Footballers playing in China’s national team should remove any existing tattoos and are “strictly prohibited” from getting any new ones, the country’s sports administration body has said.
The sport has found itself in the crosshairs of the Communist Party’s purity drive in recent years, and players on the national football team routinely cover their arms with long sleeves or bandages to hide their tattoos.
But the China Sports Administration statement, dated Tuesday, said that players in the national team “are strictly prohibited from having new tattoos”.
“Those who have tattoos are advised to have them removed,” the statement continued. “In special circumstances, the tattoos must be covered during training and competition, with the consent of the rest of the team.”
It went on to say that the under-20 national teams and those even younger were “strictly prohibited” from recruiting anyone with tattoos.
But not all fans appeared to be behind the new rules.
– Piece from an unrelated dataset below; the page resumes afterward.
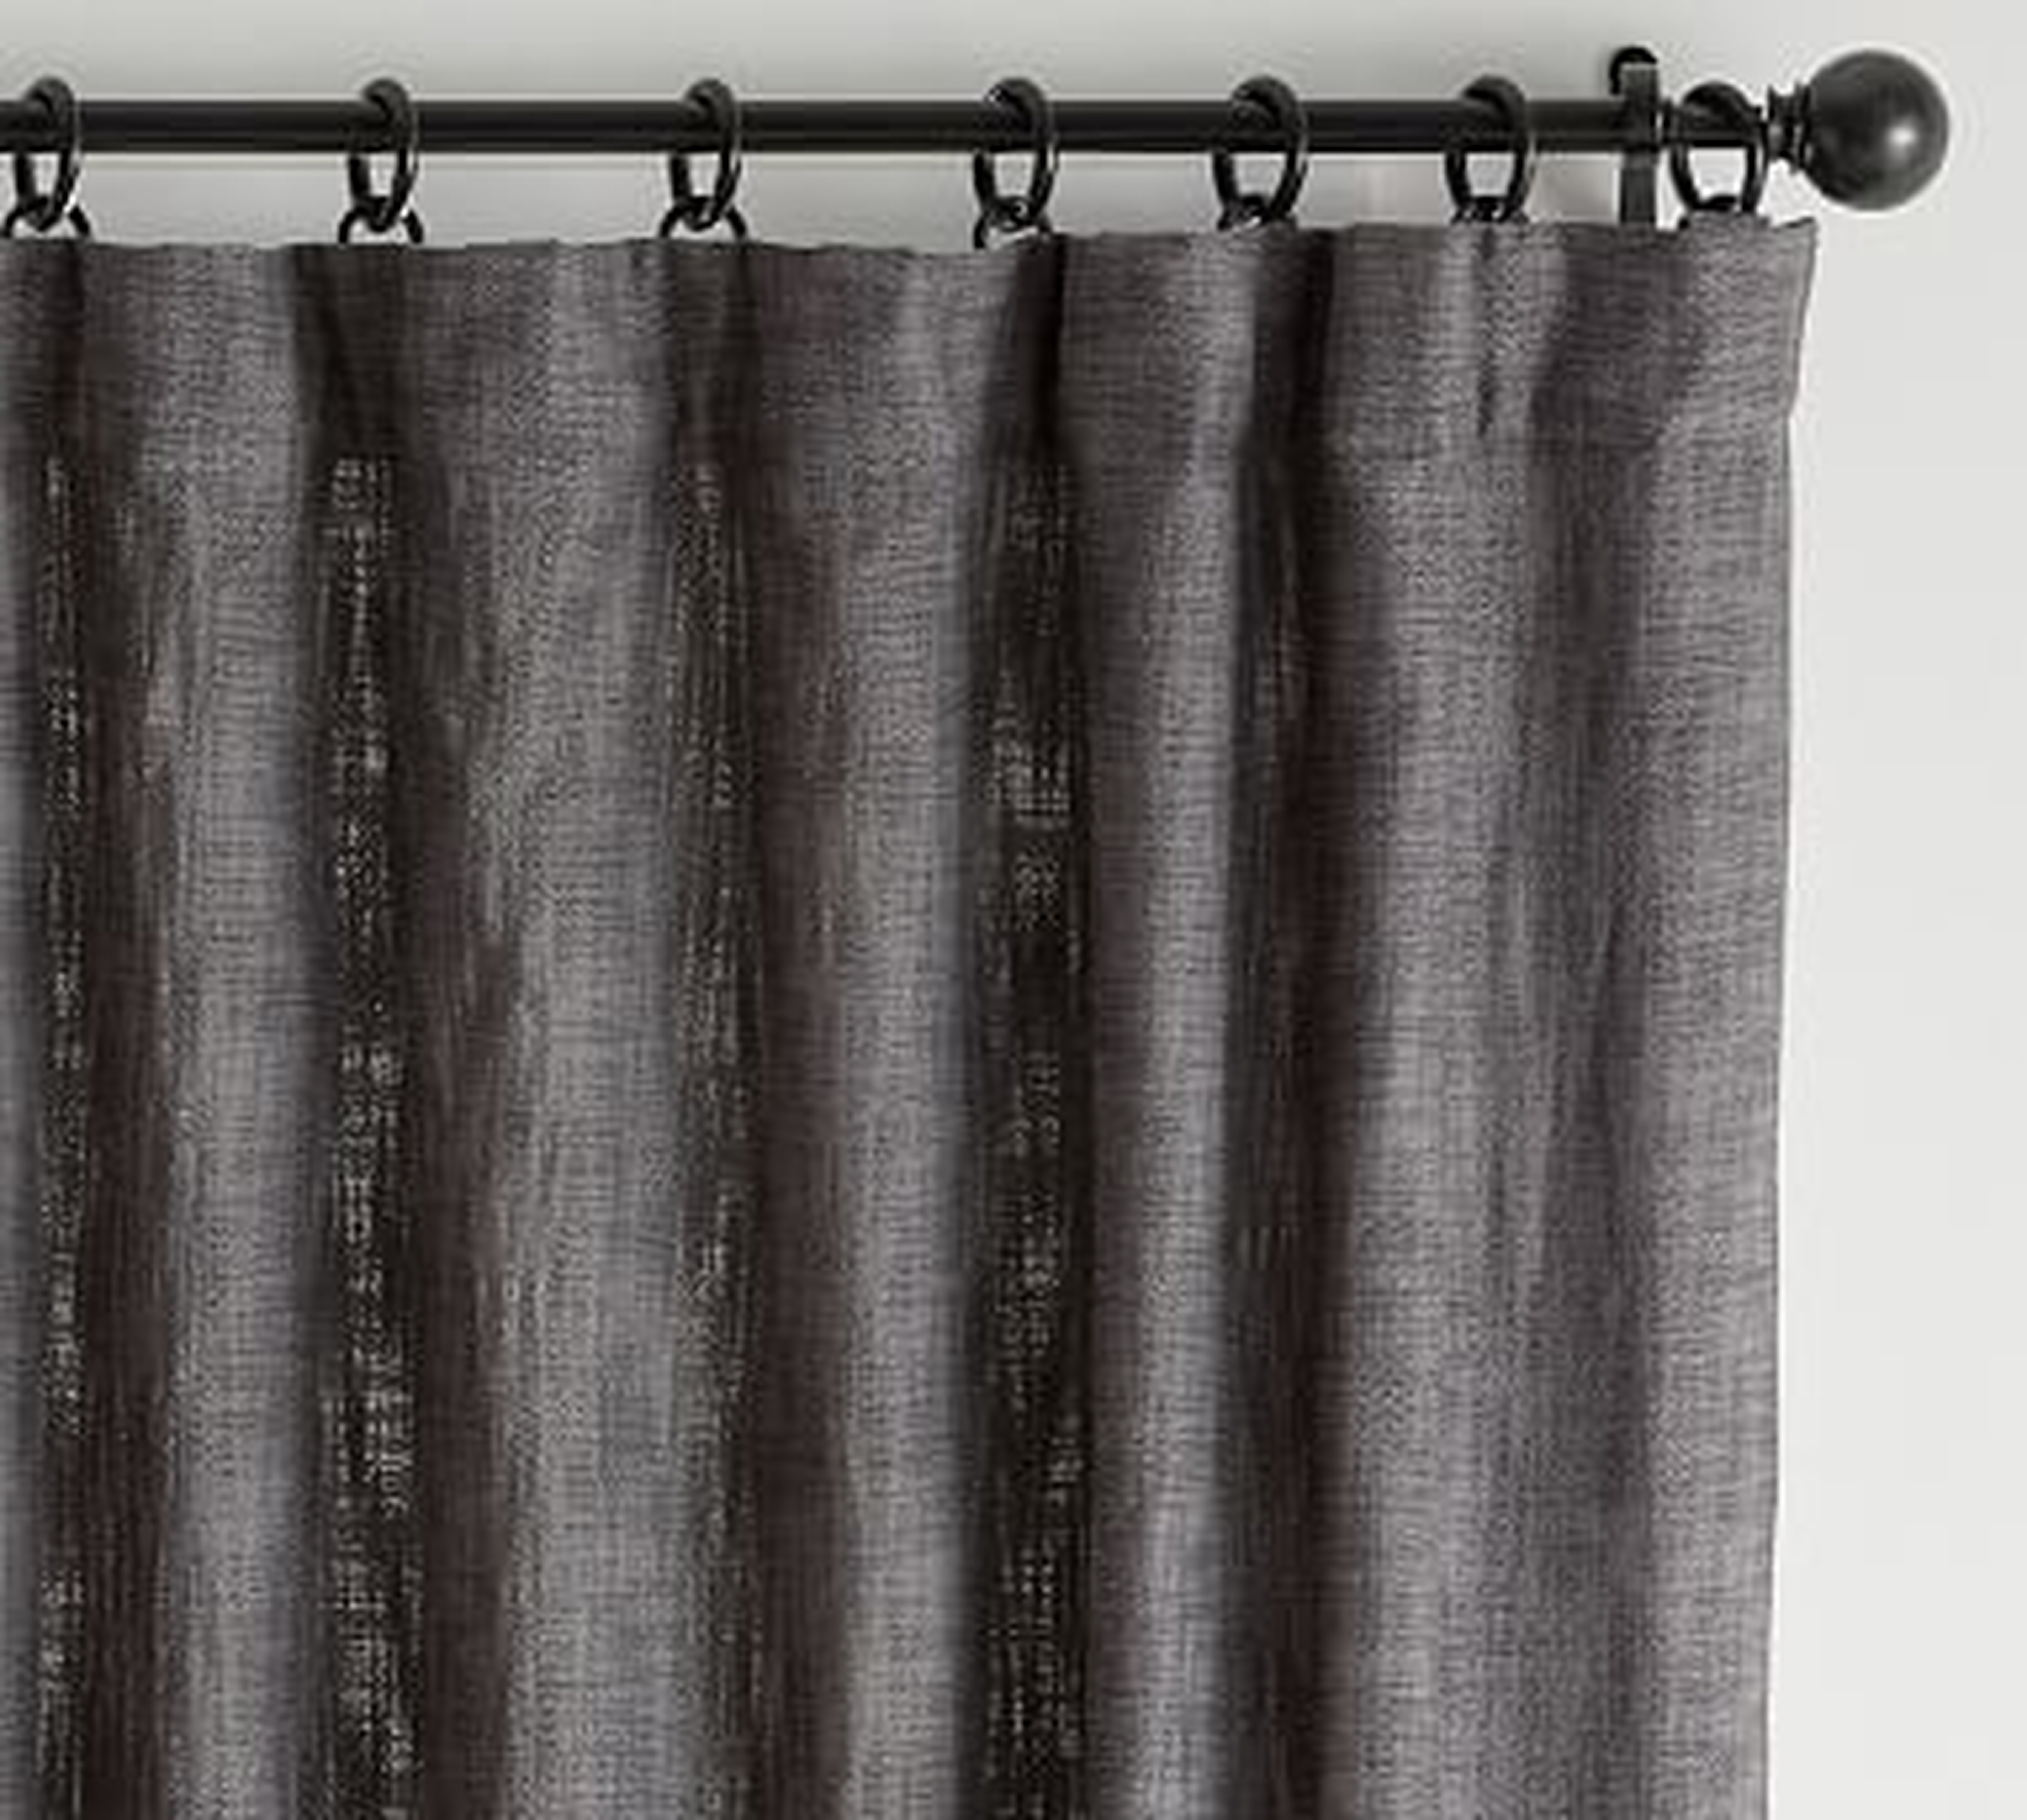 Seaton Textured Curtain, 50 x 108", Charcoal - Pottery Barn

“Are we choosing a good football player or a saint?” asked one angry fan on the social media platform Weibo.
“Shall we just say outright that only the Party members could play football?” asked another.
Body ink is traditionally frowned upon in China but it is increasingly popular among young adults, even as authorities make plain their disdain for it.
The Chinese Football Association has ordered players in the national team to cover tattoos in recent years and packed young footballers off to military camps for drills and Marxist-style “thought education”.
That has prompted complaints from fans that it is thinking more about politics than sport.
Last year, a women’s university football match was eventually called off after players were told they were not allowed to have dyed hair.
President Xi Jinping wants China to host and even win the World Cup one day.
But they are fifth of six teams in their qualifying group for next year’s World Cup, with only the top two guaranteed to qualify.
This year, Beijing has also pushed through a series of restrictions on youth culture, including sweeping measures to ban “abnormal aesthetics” and crack down on the perceived excesses of modern entertainment.
It has made an example out of movie stars that allegedly stepped out of line, banned reality talent shows and ordered broadcasters to stop featuring “sissy” men and “vulgar influencers”.
As tensions have mounted with the West, China has also pushed a nationalist and militaristic narrative at home, including a vision of tough masculinity.